**ACTION ITEM:**
The pictures stay out. Please retype every line below exactly.

**DATA SEGMENT:**

_ _ _

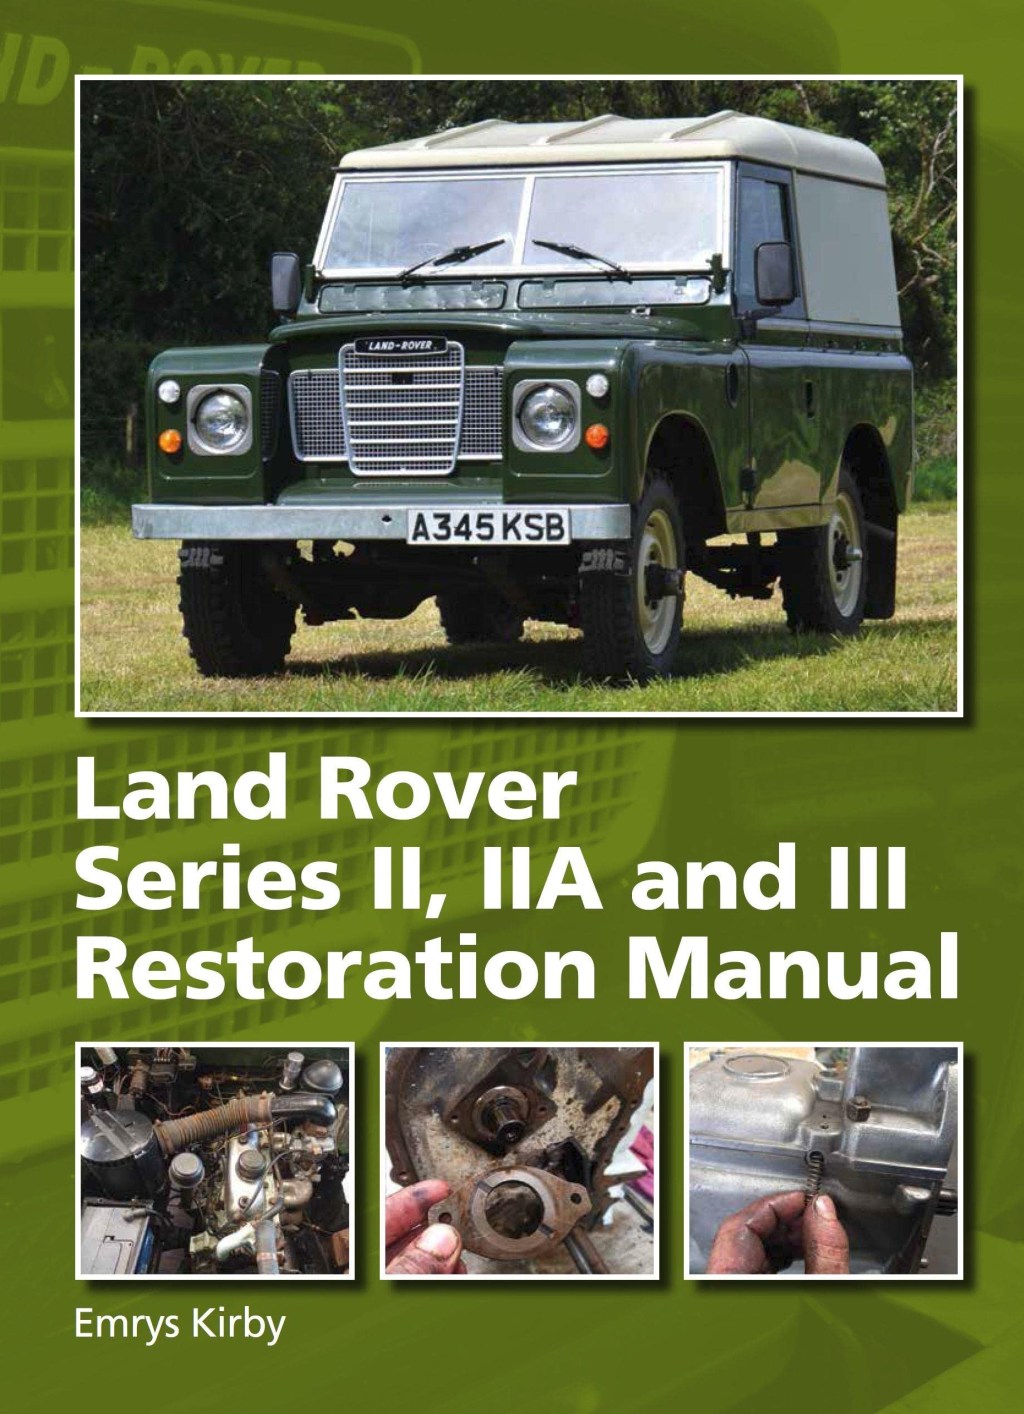 Picture of: Land Rover Series II, IIA and III — Restoration Manual
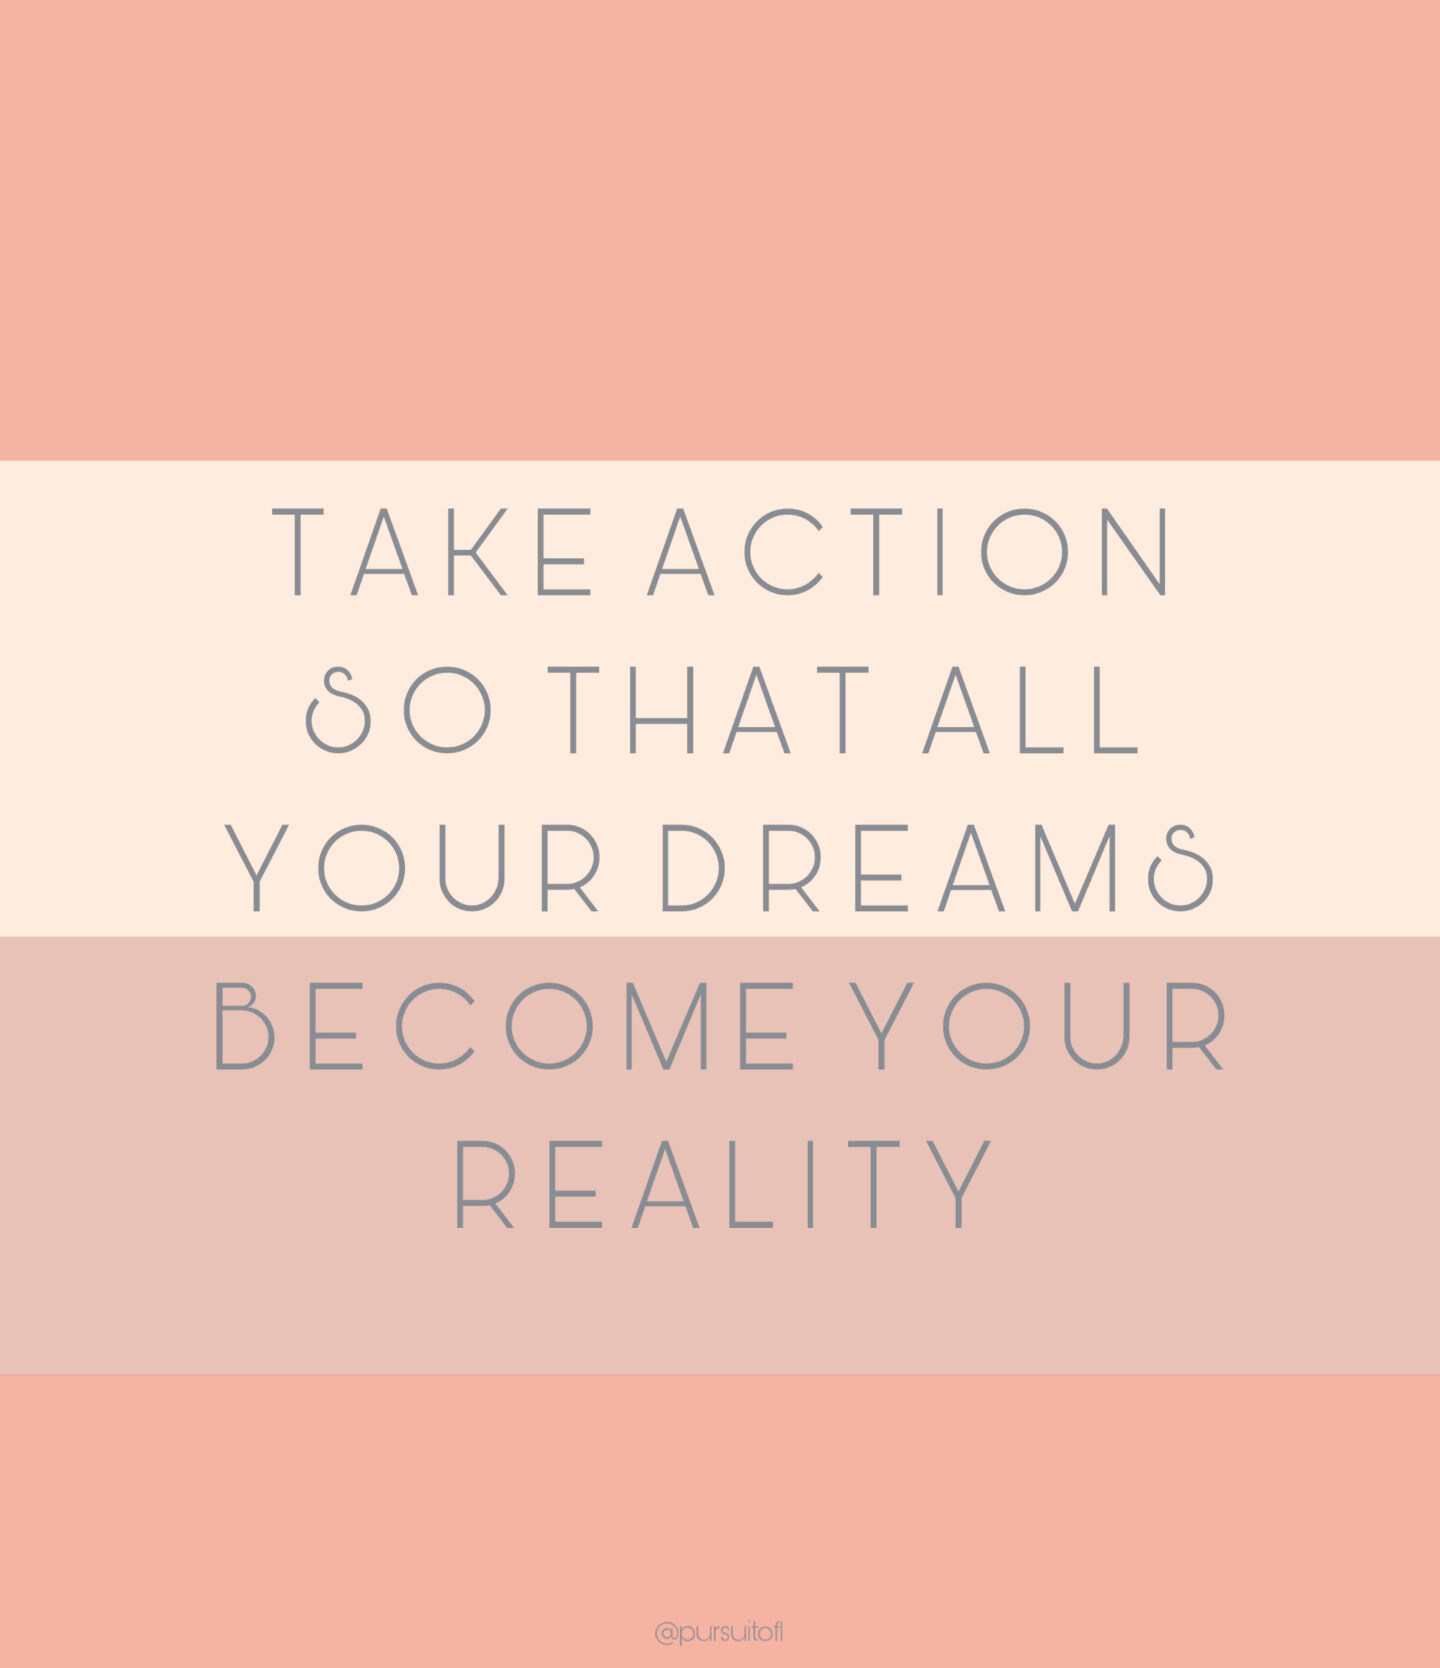 Neutral Color Block Tablet with Inspirational Quote Take Action So That All Your Dreams Become Your Reality
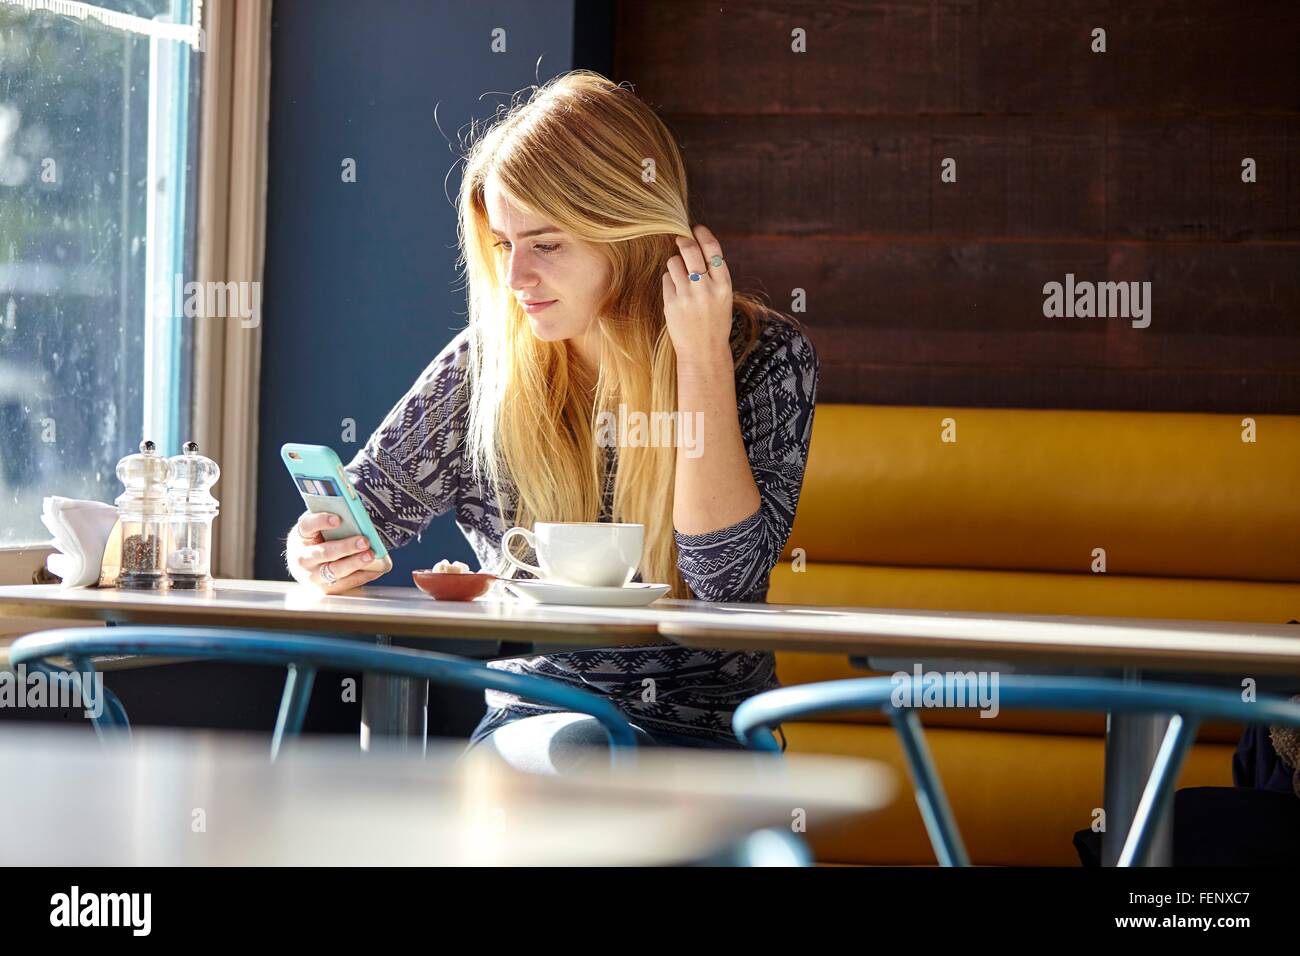 Young woman alone in cafe reading smartphone texts Stock Photo

_ _ _

**REPLY:**
 Picture of: Land Rover Series II, IIA and III — Restoration Manual
 Neutral Color Block Tablet with Inspirational Quote Take Action So That All Your Dreams Become Your Reality
 Young woman alone in cafe reading smartphone texts Stock Photo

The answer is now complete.